As in the embodiment described above, the first stacked body 20a, the active layer 25, and the second stacked body 20b have a structure in which the first cladding layer 23, the first intermediate layer 23a, the active layer 25, the second intermediate layer 27a, and the second cladding layer 27 are stacked. In the first stacked body 20a of the present embodiment, when viewed in the Y direction, the first cladding layer 23 is formed over the entire InP substrate 50, but the first intermediate layer 23a, the active layer 25, the second intermediate layer 27a, and the second cladding layer 27 are formed only on a part of the InP substrate 50. Here, in another embodiment, the first cladding layer 23 corresponds to the “first semiconductor layer”, the second cladding layer 27 corresponds to the “second semiconductor layer”, and the first intermediate layer 23a corresponds to the “intermediate layer”.

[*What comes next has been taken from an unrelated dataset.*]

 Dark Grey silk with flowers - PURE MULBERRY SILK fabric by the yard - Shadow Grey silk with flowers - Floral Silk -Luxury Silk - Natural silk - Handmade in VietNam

The reflective electrodes (51, 52) each correspond to a reflective layer that reflects infrared light L emitted from the active layer 25 and traveling to the insulating layer 17 side (−Y side) by repeating reflection directly or in the element so as to travel to the InP substrate 50 side (+Y side). The flip-chip infrared LED element 1 as in the present embodiment is flip-mounted on a submount 58 as described above.

The first electrode 53 is provided to be electrically connected to a region of the first cladding layer 23 on or over which the first intermediate layer 23a is not disposed, and the second electrode 54 is provided to be in contact with the surface of the reflective electrode 52 on a side opposite to a side where the insulating layer 17 is formed (−Y side).

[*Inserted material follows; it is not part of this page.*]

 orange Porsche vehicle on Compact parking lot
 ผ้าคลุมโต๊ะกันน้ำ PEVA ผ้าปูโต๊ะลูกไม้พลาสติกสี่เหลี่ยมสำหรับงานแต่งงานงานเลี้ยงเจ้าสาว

The insulating layer 17 is disposed to connect side surfaces of the first stacked body 20a, the active layer 25, and the second stacked body 20b, the top surface of the second cladding layer 27, and the top surface of the first cladding layer 23 in a region on or over which the first intermediate layer 23a is not disposed.

<2> FIG. 5 is a cross-sectional view schematically illustrating a structure of an infrared LED element 1 according to another embodiment different from that in FIG. 4. As illustrated in FIG. 5, the first stacked body 20a may include an electron blocking layer 23b on the +Y side of the first cladding layer 23 and on the −Y side of the first intermediate layer 23a. The electron blocking layer 23b is made of, for example, AlInAs.

<3> In each of the embodiments described above, an aspect has been described in which the first intermediate layer 23a and the second intermediate layer 27a are both provided, but at least one of the intermediate layers may be provided.

<4> In the embodiments described above, the first stacked body 20a (first contact layer 21, first intermediate layer 23a, and first cladding layer 23) is a p-type semiconductor, and the second stacked body 20b (second intermediate layer 27a and second cladding layer 27) is an n-type semiconductor. However, the conductivity types of the first semiconductor layer and the second semiconductor layer may be reversed. The intermediate layer (first intermediate layer 23a and second intermediate layer 27a) may be undoped.

<5> The configurations included in the infrared LED element 1 described above are merely examples, and the present invention is not limited to the illustrated configurations.